Strings Music Festival is an annual summer music festival held in Steamboat Springs, Colorado. It presents an 8-week program of youth music performances in genres including classical, jazz, blues, Americana, and country.

==About==

Strings Music Festival is a 501(c)(3) organization, presenting more than 90 classical and non-classical music events each year, with the majority taking place during an eight-week summer season from June through August. Additional concerts and programs are held throughout the year. Programming includes orchestral and chamber music, contemporary classical music, jazz, blues, Americana, youth performances, lectures, outreach programs, and free public events.

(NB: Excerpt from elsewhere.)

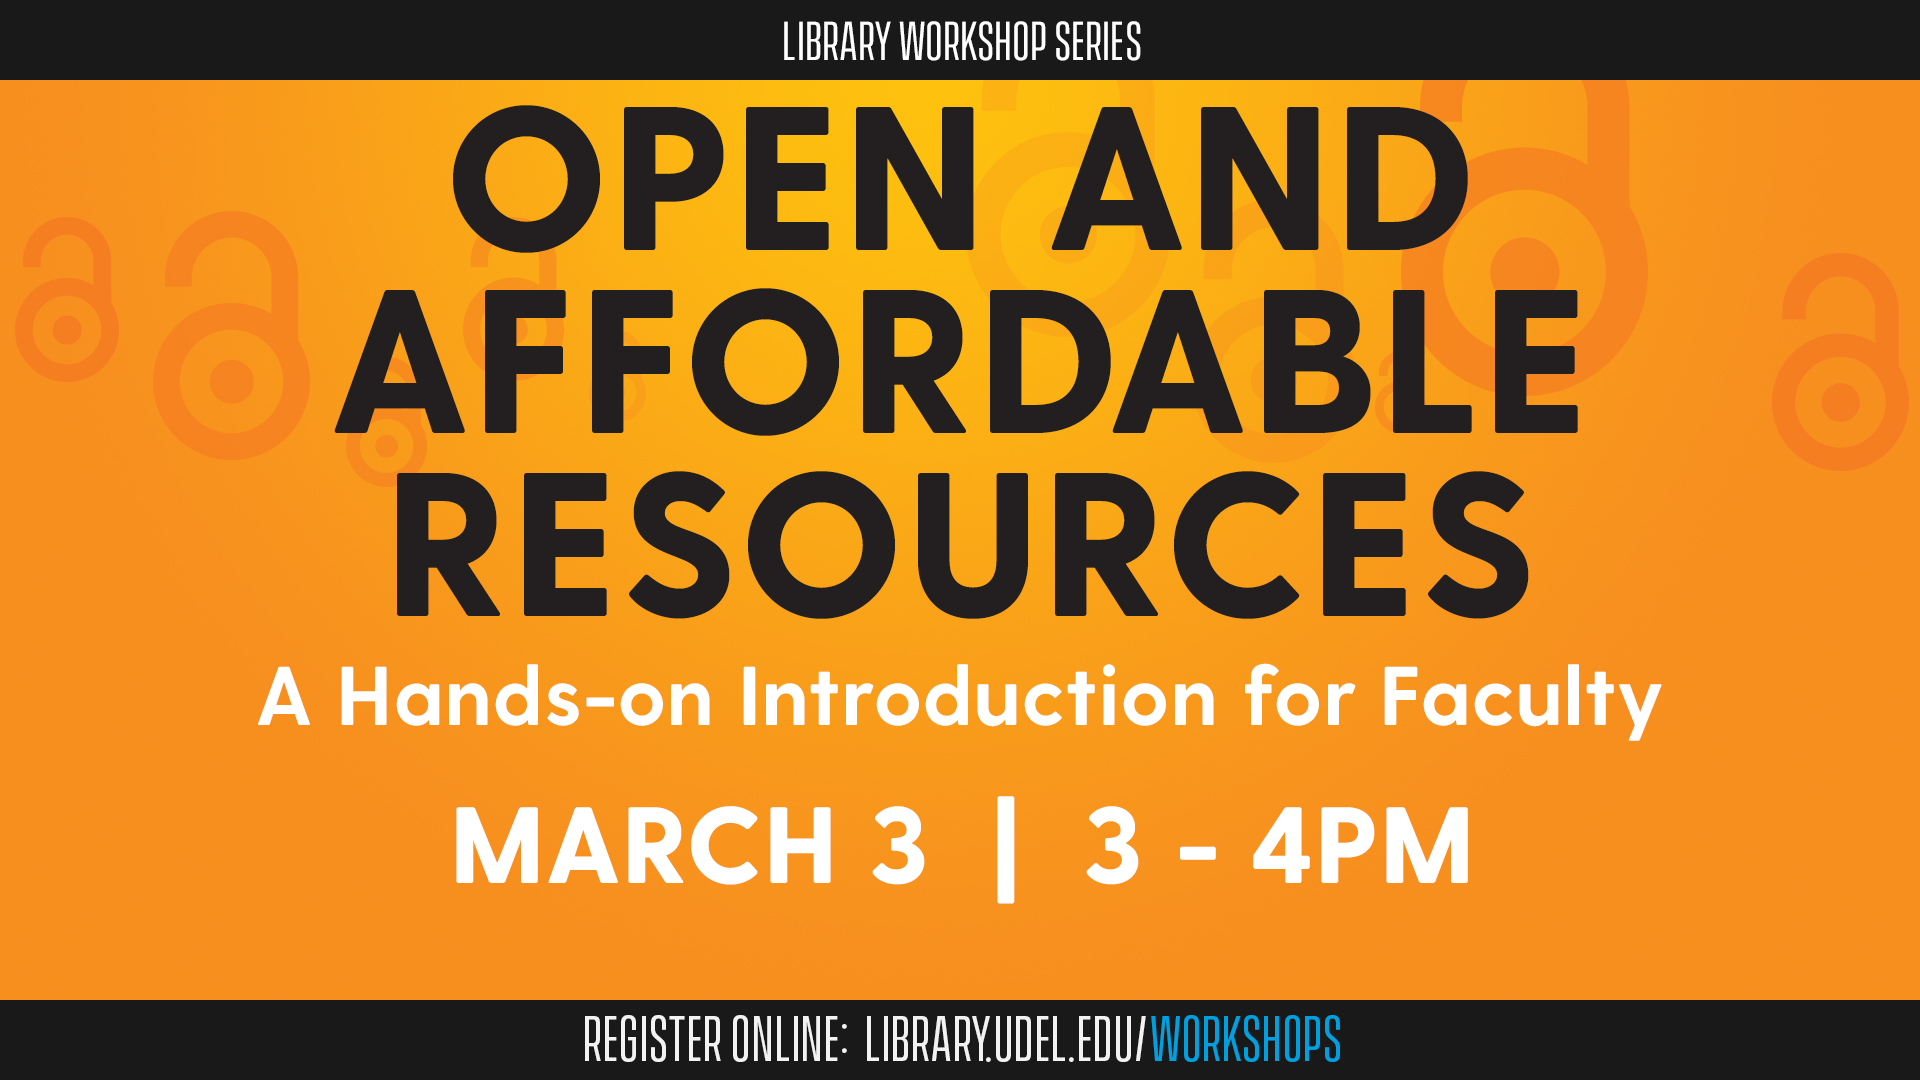 Promotional image for Open and Affordable Resources: A Hands-on Introduction for Faculty

The organization was founded in 1988 under the name Strings in the Mountains, initially presenting eight classical performances on the deck of the Steamboat Athletic Club. In 1990, the festival expanded its programming to include non-classical artists, with performances by Leo Kottke and Karla Bonoff. In 1992, a tent venue was erected on the Torian Plum property, increasing audience capacity from approximately 300 to 500 seats. That same year, the festival gained national attention when Leonard Slatkin, then conductor of the St. Louis Symphony Orchestra, led a chamber orchestra performance that was covered by CBS Morning News.

In 2003, the organization purchased seven acres of land for a permanent home at its current site at 900 Strings Road in Steamboat Springs. In 2007, the organization adopted its current name, Strings Music Festival. A year later, a permanent music pavilion was completed. The $4.3 million facility was designed by Steamboat Architectural Associates in collaboration with D.L. Adams Associates of Denver, Colorado, and was constructed over a nine-month period.

==Directors==

In 2015, Strings Music Festival began its 28th season with Michael Sachs—a leading soloist, recitalist, teacher, and author—as music director. Sachs, who has served as principal trumpet of the Cleveland Orchestra since 1988, joined the festival in the fall of 2014. His programming for the 2015 season included guest artists drawn from major orchestras and music institutions in the United States and abroad, including those in Chicago, Boston, New York, Philadelphia, Dallas, and Los Angeles, as well as returning chamber and orchestral musicians who had previously appeared at the festival.

From 2009 through 2014, the festival's classical music program was led by Andrés Cárdenes and Monique Mead as co-music directors. Cárdenes, a Cuban-born violinist, studied under Josef Gingold and gained international recognition after winning second prize at the 1982 International Tchaikovsky Competition. He has performed as a soloist with more than 100 orchestras and served as concertmaster of the Pittsburgh Symphony Orchestra for 21 seasons, as well as artistic director of the Pittsburgh Symphony Chamber Orchestra beginning in 1999. Cárdenes also teaches at Carnegie Mellon University and has held guest teaching appointments at institutions including the Curtis Institute of Music, the Royal Conservatory of Music in Toronto, the Shanghai Conservatory, and Mount Royal University in Calgary. He also serves as president of the jury of the Stradivarius International Violin Competition.

During their final season as classical music directors, Cárdenes and Mead programmed a broad range of repertoire, including works by composers such as Pyotr Ilyich Tchaikovsky, Astor Piazzolla, Antonín Dvořák, and Wolfgang Amadeus Mozart, as well as selections from Broadway and other popular traditions.